Age-related macular degeneration in a randomized controlled trial of low-dose aspirin: Rationale and study design of the ASPREE-AMD study.

作者信息

Robman Liubov, Guymer Robyn, Woods Robyn, Ward Stephanie, Wolfe Rory, Phung James, Hodgson Lauren, Makeyeva Galina, Aung Khin Zaw, Gilbert Tom, Lockery Jessica, Le-Pham Y-Anh, Orchard Suzanne, Storey Elsdon, Abhayaratna Walter, Reid Daniel, Ernst Michael E, Nelson Mark, Reid Christopher, McNeil John

机构信息

Department of Epidemiology and Preventive Medicine, Monash University, The Alfred Centre, 99 Commercial Road, Melbourne, VIC, 3004, Australia.

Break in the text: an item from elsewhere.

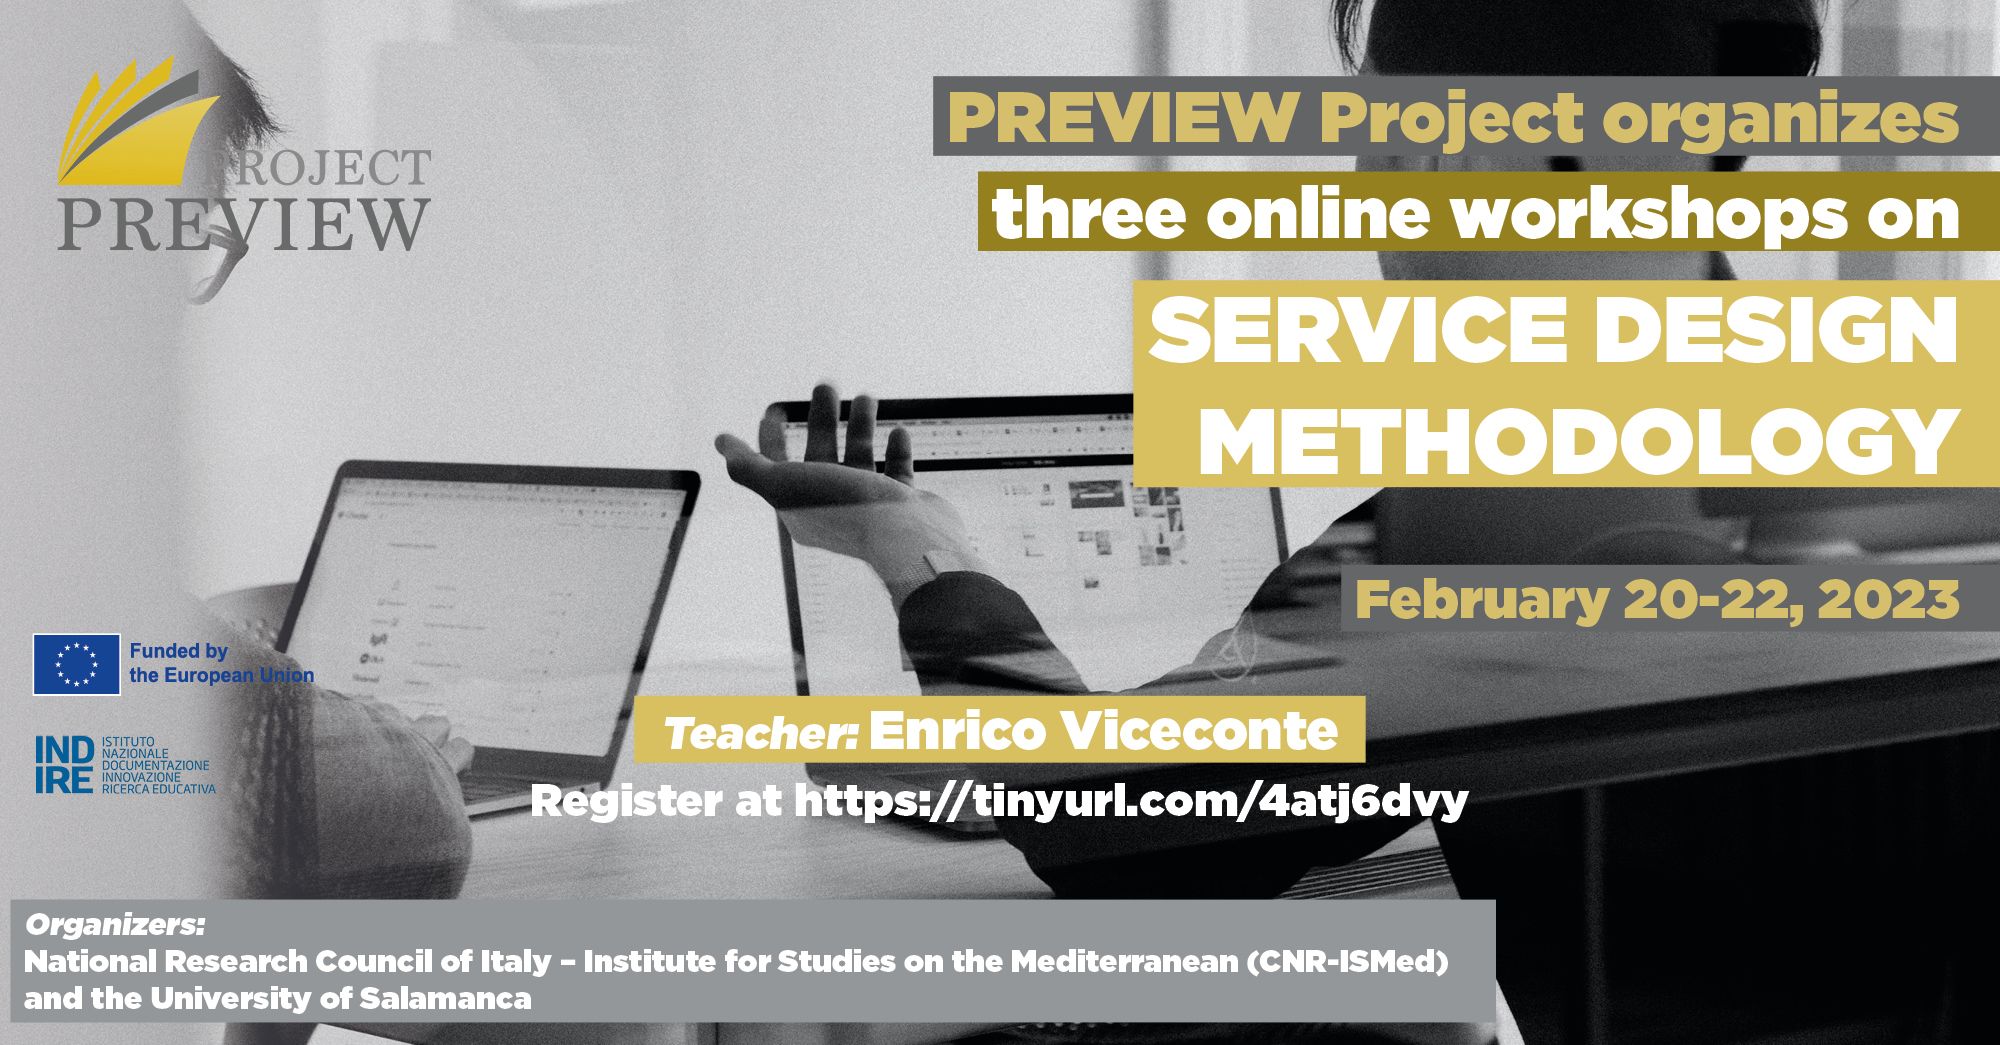 Service Design Methodology laboratory online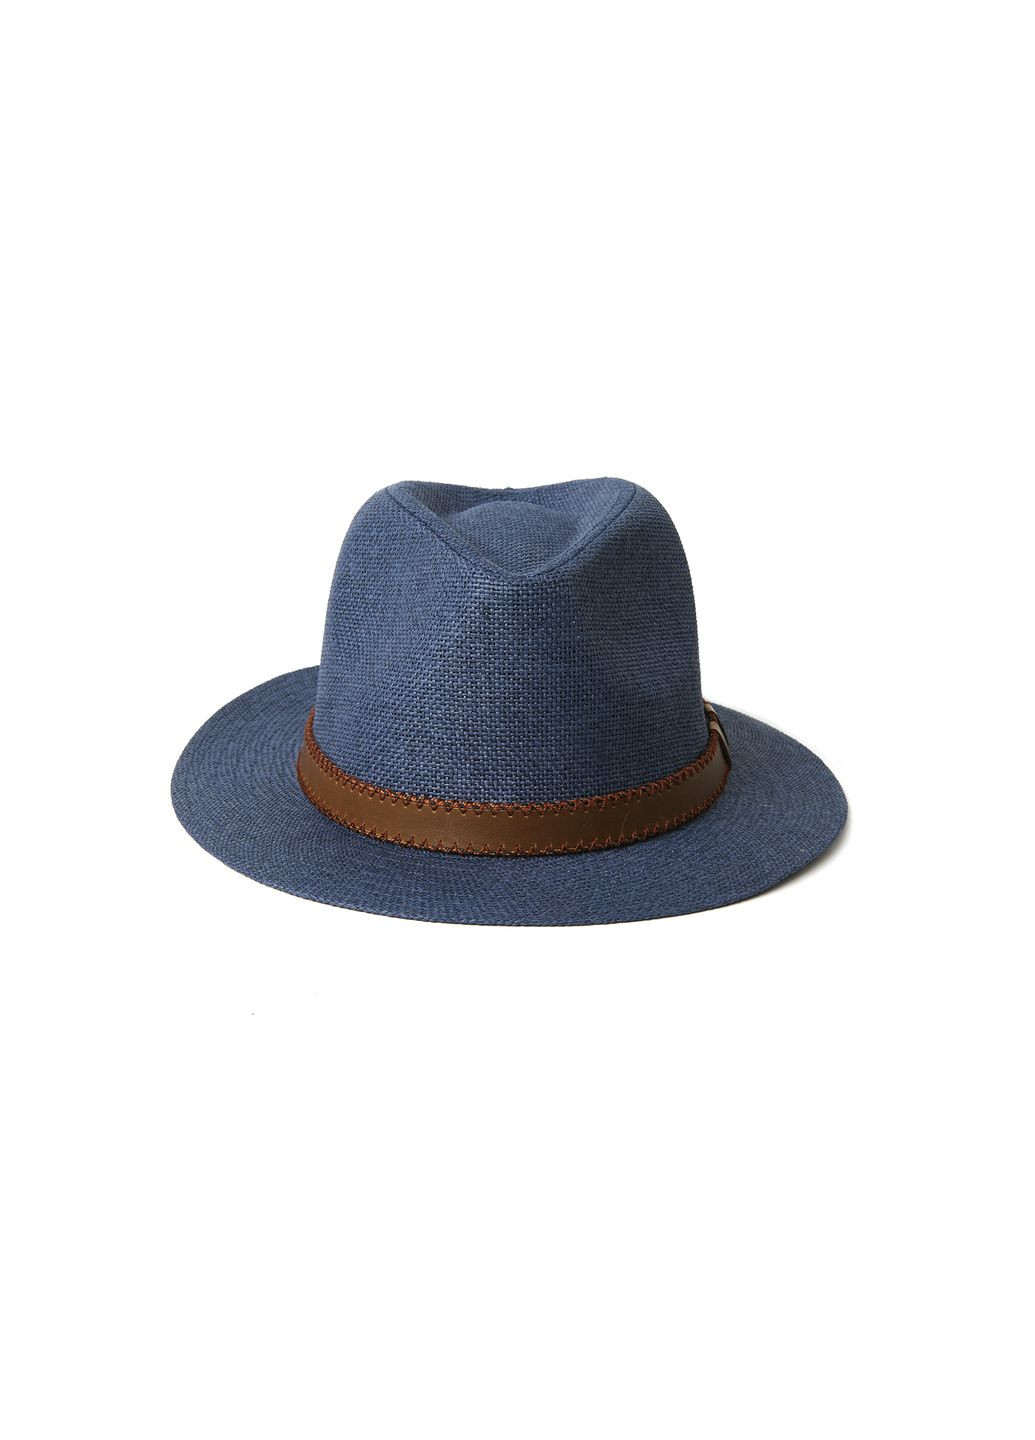 Шляпа федора мужская бумага синяя BATTY 817-693 LuckyLOOK 817-693m (289359816)

Centre for Eye Research Australia, Royal Victorian Eye and Ear Hospital, Department of Surgery (Ophthalmology), University of Melbourne, 32 Gisborne Street, East Melbourne, VIC, 3002, Australia.

出版信息

Contemp Clin Trials Commun. 2017 Jun;6:105-114. doi: 10.1016/j.conctc.2017.03.005. Epub 2017 Mar 27.

Abstract

PURPOSE

Although aspirin therapy is used widely in older adults for prevention of cardiovascular disease, its impact on the incidence, progression and severity of age-related macular degeneration (AMD) is uncertain. The effect of low-dose aspirin on the course of AMD will be evaluated in this clinical trial.

DESIGN

A sub-study of the 'ASPirin in Reducing Events in the Elderly' (ASPREE) trial, ASPREE-AMD is a 5-year follow-up double-blind, placebo-controlled, randomized trial of the effect of 100 mg daily aspirin on the course of AMD in 5000 subjects aged 70 years or older, with normal cognitive function and without cardiovascular disease at baseline. Non-mydriatic fundus photography will be performed at baseline, 3-year and 5-year follow-up to determine AMD status.

PRIMARY OUTCOME MEASURES

The incidence and progression of AMD. Exploratory analyses will determine whether aspirin affects the risk of retinal hemorrhage in late AMD, and whether other factors, such as genotype, systemic disease, inflammatory biomarkers, influence the effect of aspirin on AMD.

CONCLUSION

The study findings will be of significant clinical and public interest due to a potential to identify a possible low cost therapy for preventing AMD worldwide and to determine risk/benefit balance of the aspirin usage by the AMD-affected elderly. The ASPREE-AMD study provides a unique opportunity to determine the effect of aspirin on AMD incidence and progression, by adding retinal imaging to an ongoing, large-scale primary prevention randomized clinical trial.

摘要

目的

尽管阿司匹林疗法在老年人中广泛用于预防心血管疾病,但其对年龄相关性黄斑变性(AMD)的发病率、进展及严重程度的影响尚不确定。本临床试验将评估低剂量阿司匹林对AMD病程的影响。

设计

“老年人服用阿司匹林降低事件风险”(ASPREE)试验的一项子研究,ASPREE-AMD是一项为期5年的随访双盲、安慰剂对照、随机试验,研究对象为5000名70岁及以上、基线时认知功能正常且无心血管疾病的受试者,旨在探究每日服用100毫克阿司匹林对AMD病程的影响。在基线、3年及5年随访时进行非散瞳眼底照相,以确定AMD状态。

主要观察指标

AMD的发病率及进展情况。探索性分析将确定阿司匹林是否影响晚期AMD患者视网膜出血风险,以及其他因素,如基因型、全身性疾病、炎症生物标志物等,是否影响阿司匹林对AMD的作用。

结论

本研究结果具有重大临床及公共意义,因为有可能确定一种潜在的低成本疗法用于全球预防AMD,并确定受AMD影响的老年人使用阿司匹林的风险/获益平衡。ASPREE-AMD研究通过在一项正在进行的大规模一级预防随机临床试验中增加视网膜成像,为确定阿司匹林对AMD发病率及进展的影响提供了独特机会。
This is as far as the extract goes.